RAW DATA —

========================

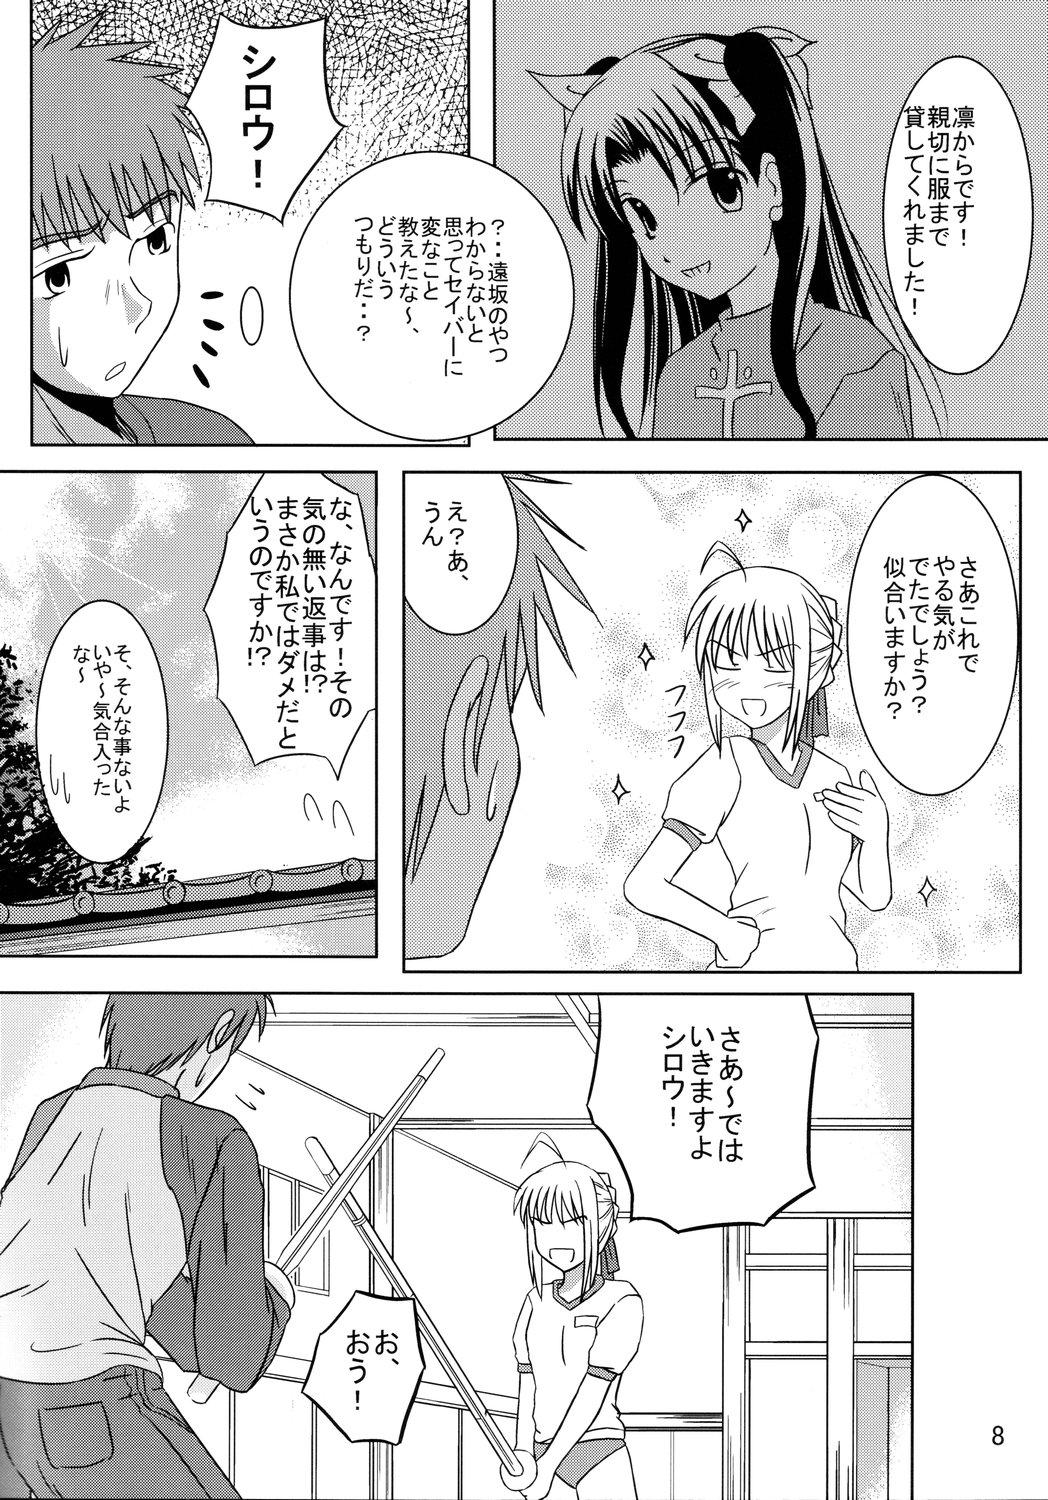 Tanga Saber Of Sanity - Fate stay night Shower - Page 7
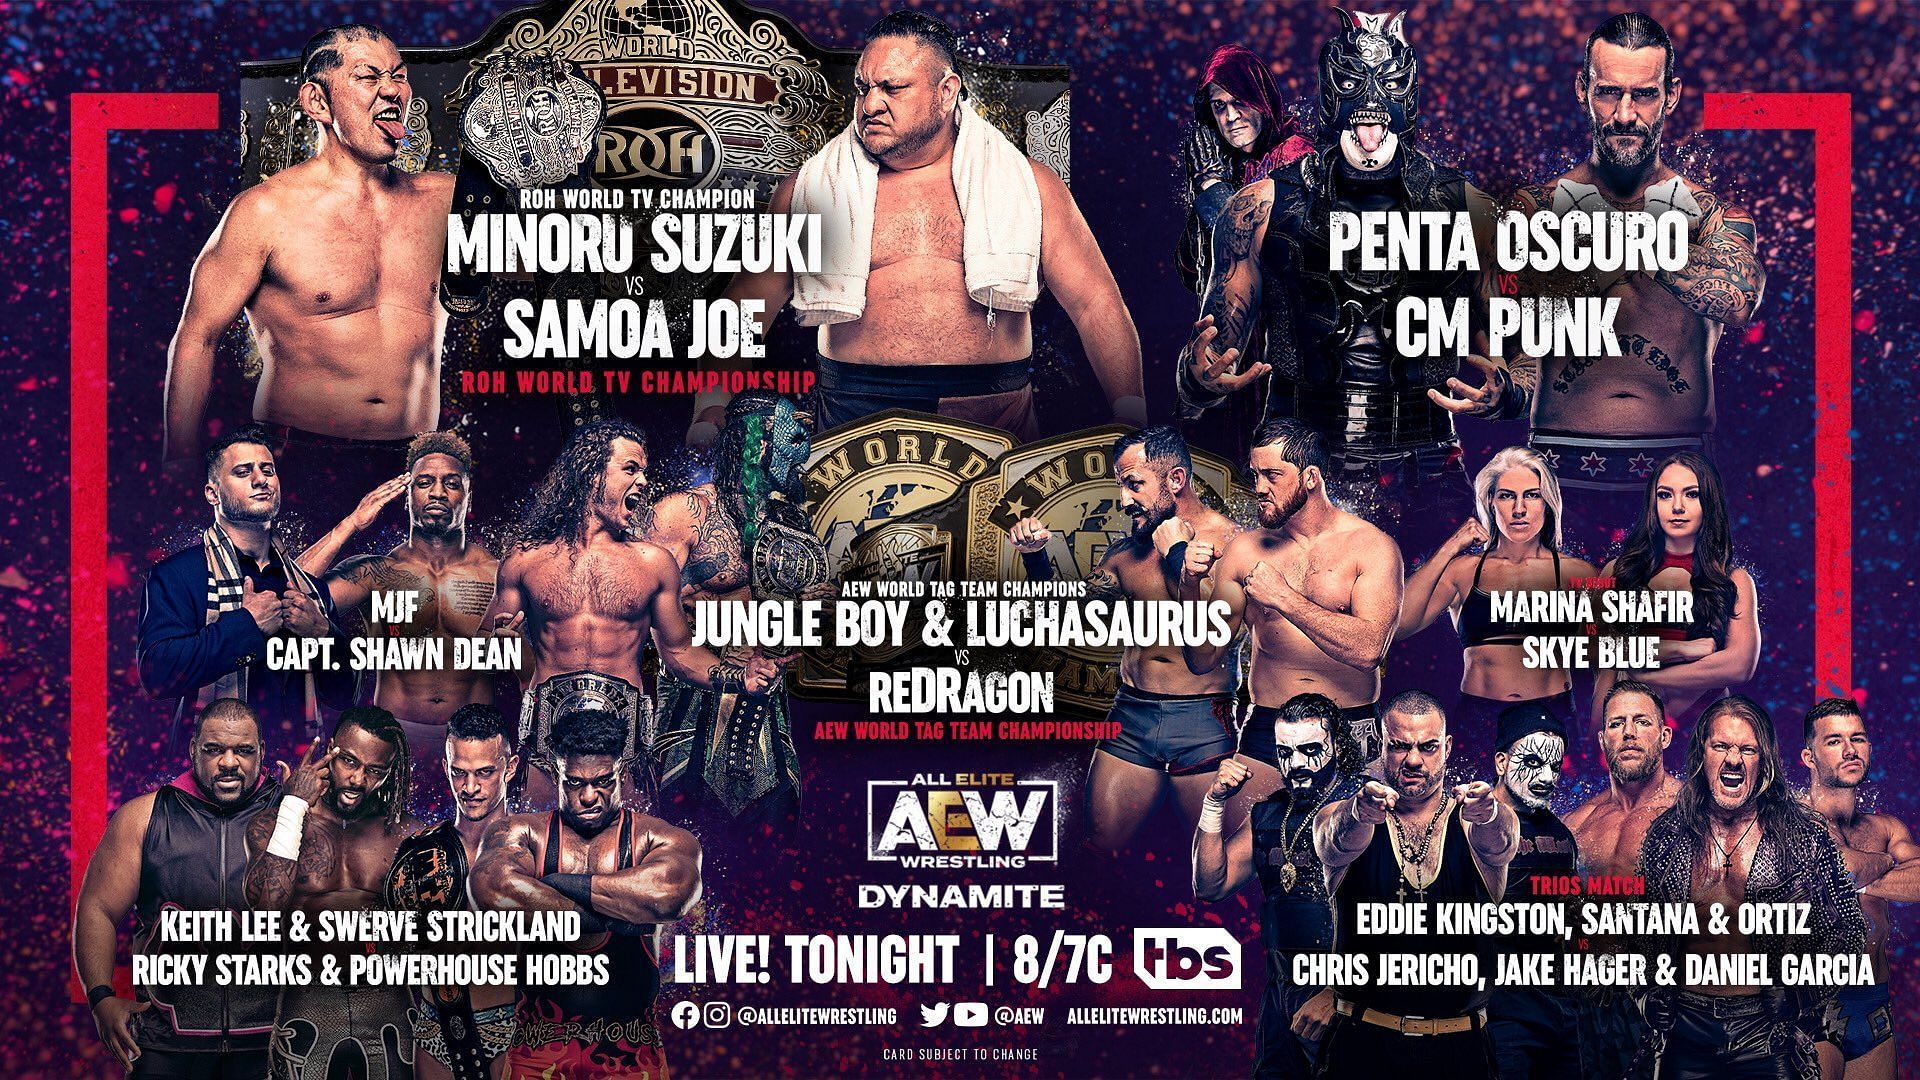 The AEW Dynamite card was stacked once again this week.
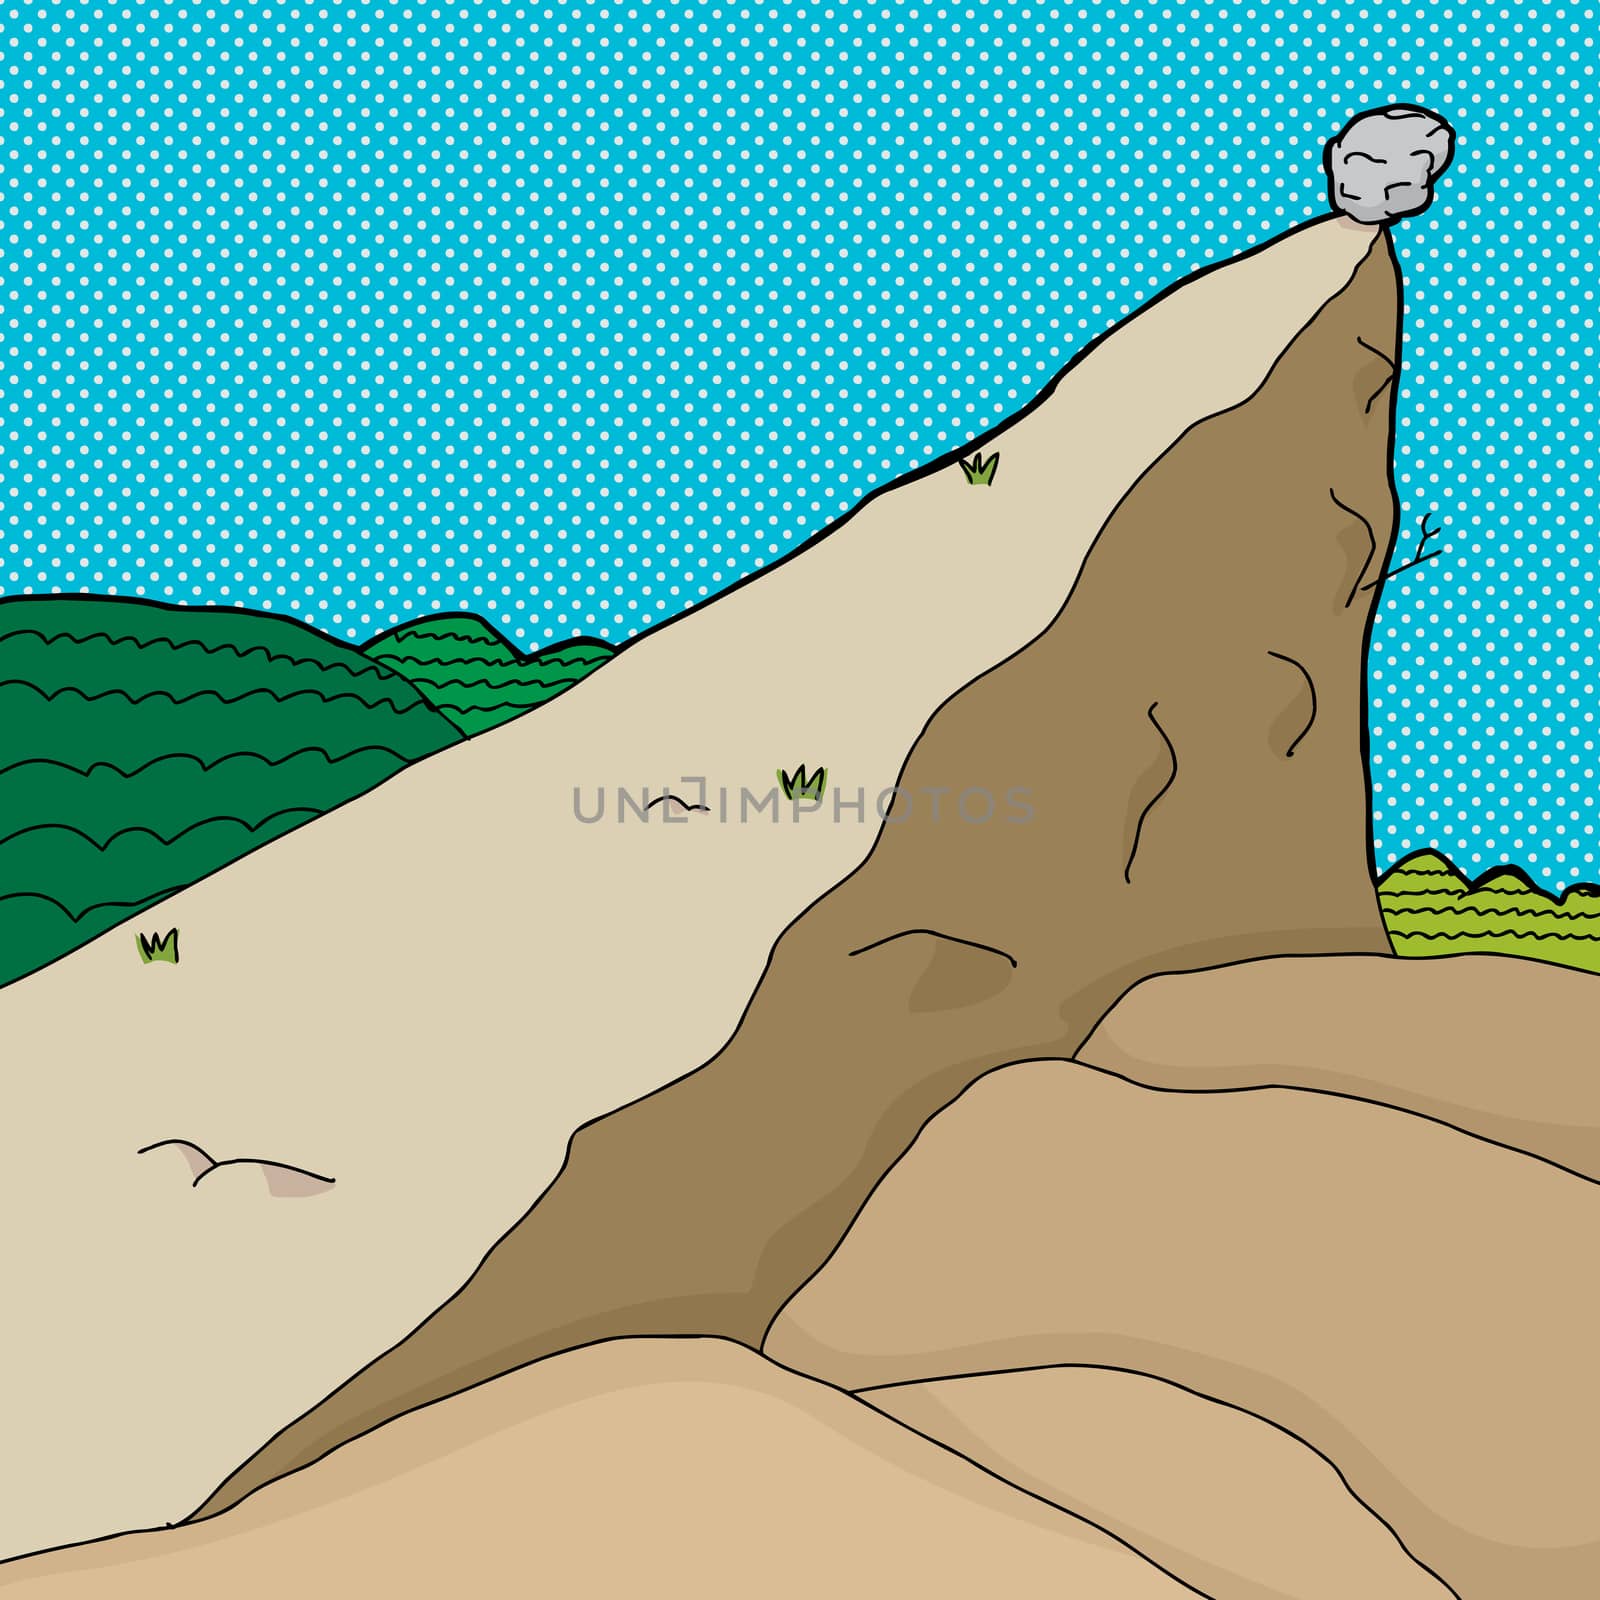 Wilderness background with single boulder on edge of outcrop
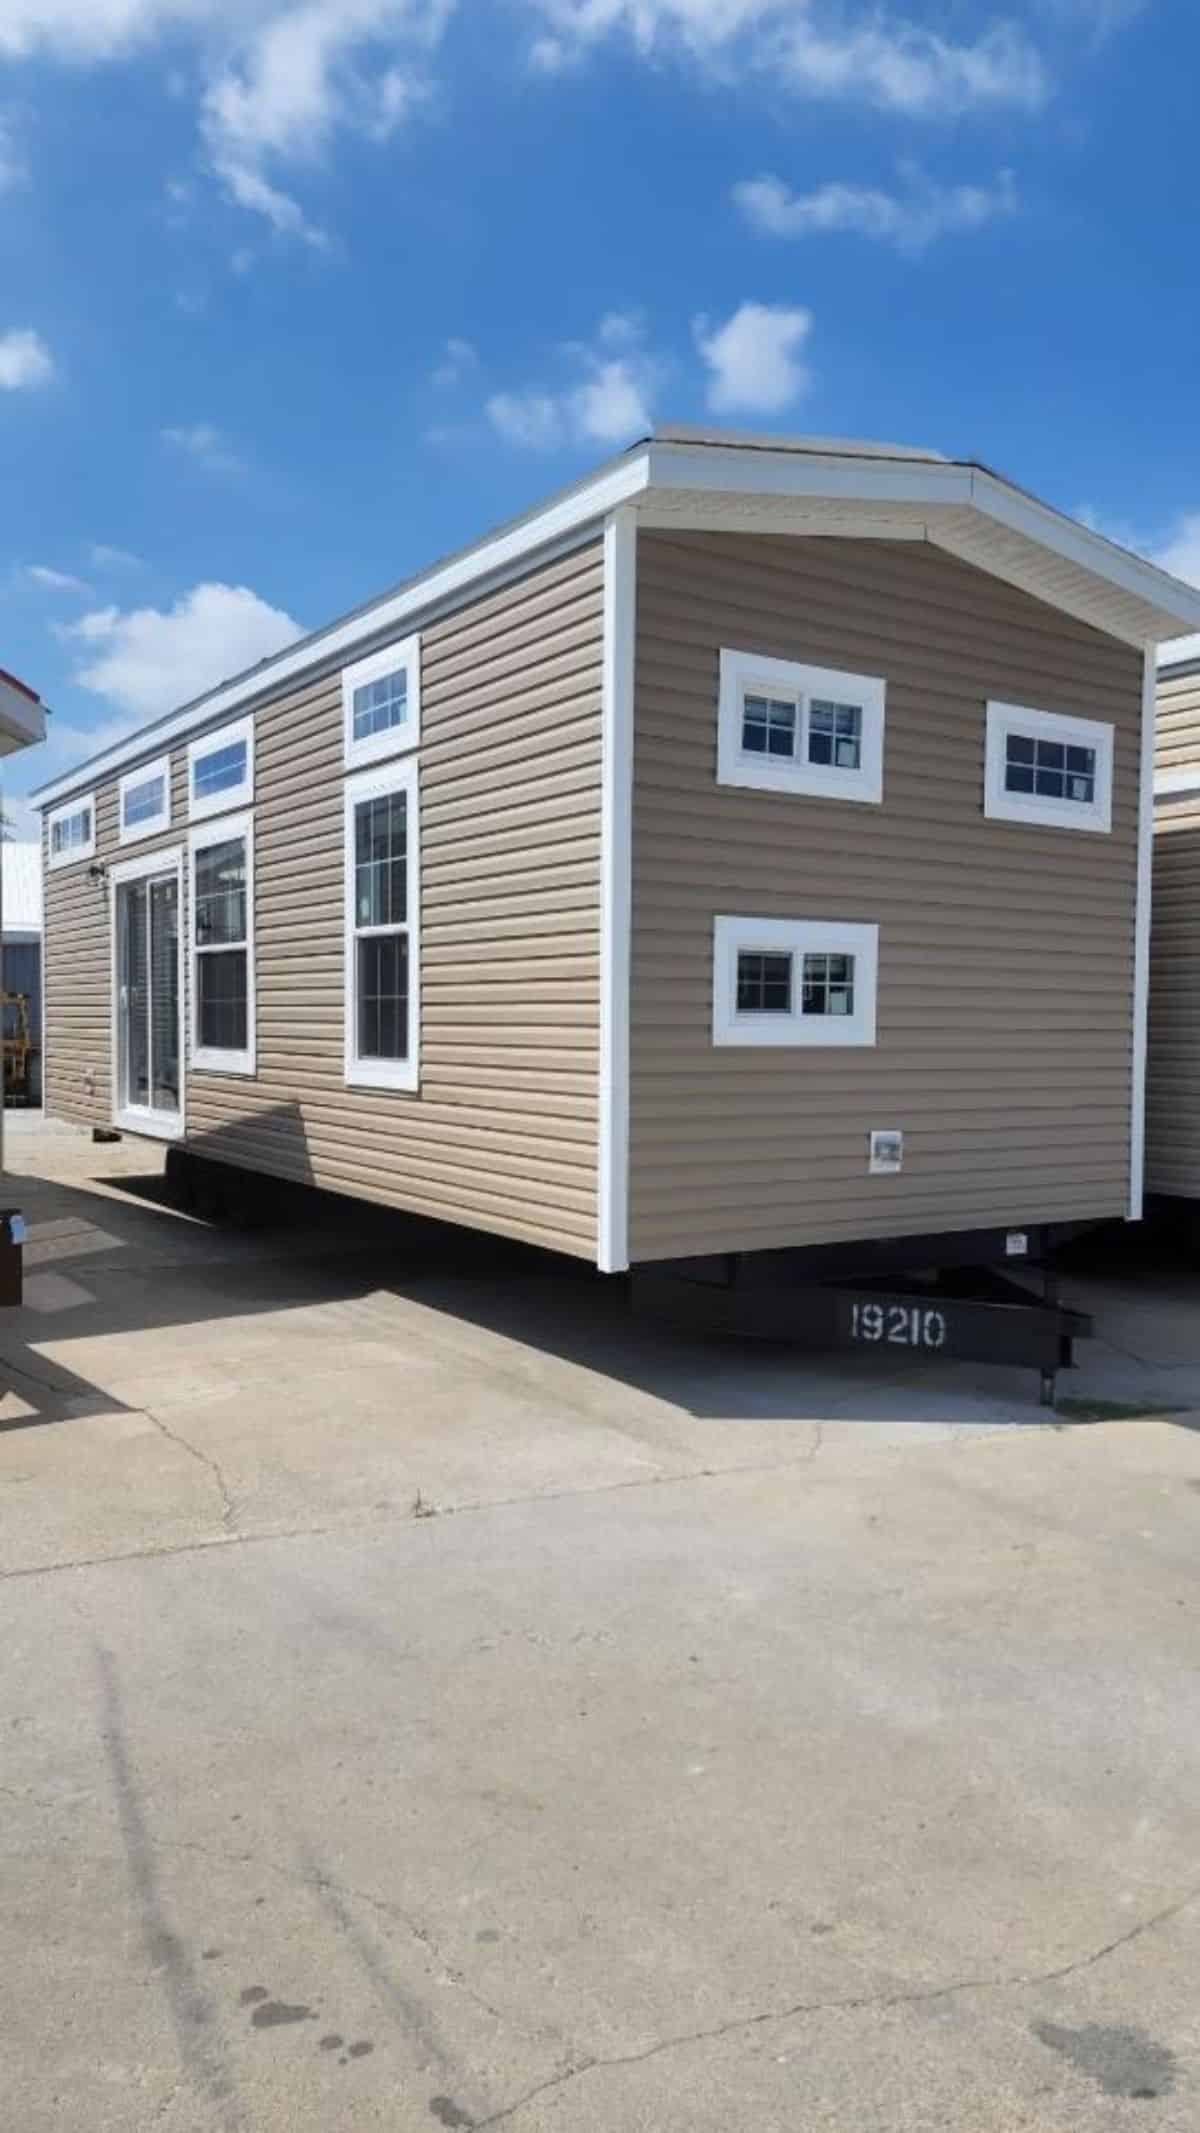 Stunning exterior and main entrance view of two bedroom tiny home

========================

TASK ITEM —
Starting at the line that holds "The AEW Dynamite", reproduce each line through the last one of the listing, and nothing more; the pictures stay out.

OUTPUT FOR THIS EXERCISE —
 The AEW Dynamite card was stacked once again this week.
 Wilderness background with single boulder on edge of outcrop
 Stunning exterior and main entrance view of two bedroom tiny home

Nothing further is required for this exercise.